A parable of recent cultural politics:

The mainline Jewish establishment in the US has been in a panicked frenzy for at least a decade now.  “The kids don’t care!,” cry the greying elders.  “They abandon the interests of their own people, they align themselves with foreign and hostile ideologies!  We will die, we will die, we will die!  What have we done to deserve this?”

And, yes, of course, to some extent this is a thing that greying elders are always crying, in every generation and every culture.

In this case, though, there’s something more to it.

I am one of those kids who doesn’t care.  In part, this is something that happened for idiosyncratic reasons, because I care way more about theology than most people (and especially most Jews) do, and I could be driven to cultural apostasy directly through doctrinal apostasy; I am like Tzelafchad, my sin is my own.  But it’s also true that, before I dropped out, I received the same cultural indoctrination as all my peers, and I saw what happened to them as a result.

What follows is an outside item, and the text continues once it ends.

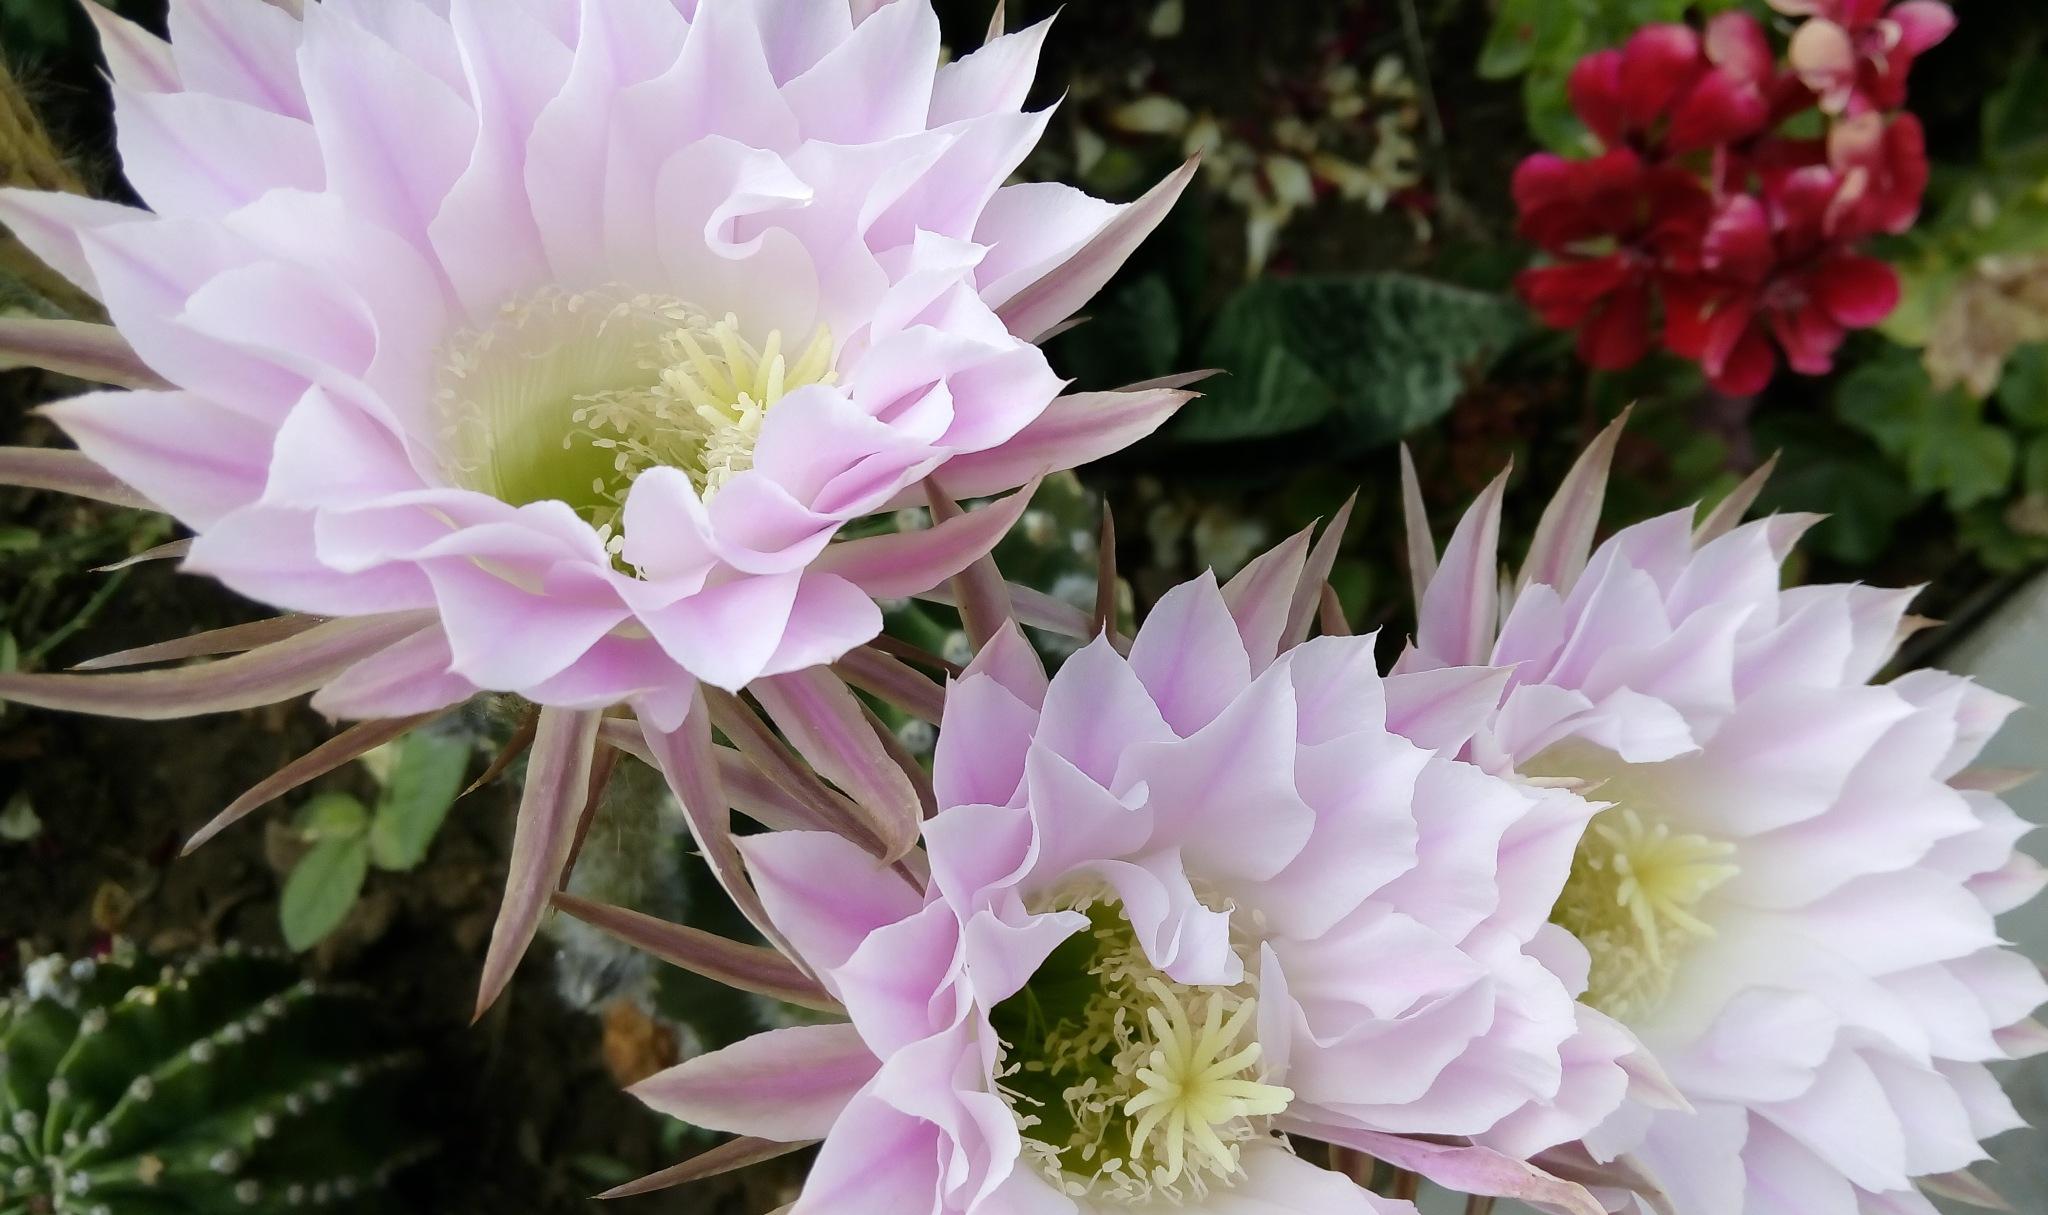 Cactus flowers by Nenad Tasic

We were taught, in briefest terms, that it Wasn’t About Us and never would be.  In our day and age, the project of the Jewish people was the State of Israel; that was the shining beacon of goodness, the collective value to which we were all to be devoted.  If you don’t live in Israel, well, you really should move there, y’know, if you’re really a good and devoted Jew.  And if you’re not going to do that – well, your job is to support Israel and to ensure that the Israelis get whatever they need in order to thrive.  This is a political endeavor, an economic endeavor, a spiritual endeavor.  Your job as an agent in the world is to put muscle behind Israel-supporting movements.  Your job as a worshiper in your synagogue is to preach the glories of Israel, or to attend such preaching.  Your job as a parent is to ensure that your children receive sufficient exposure to Israel.  It goes without saying that you’re not supposed to question this state of affairs, and you’re not supposed to question the Israelis’ determination of what they need.  Yours not to reason why, yours but to do and die. 

Amazingly, it turned out that in the long term – once the cultural conditions that had generated this ideology went away – it was totally unsustainable.  American Jews didn’t want to make Israel the center of their lives and their devotions.  They didn’t want to practice a religion that definitely Wasn’t About Them.  And no one could make them.  So…they didn’t.

He who has ears to hear, let him hear.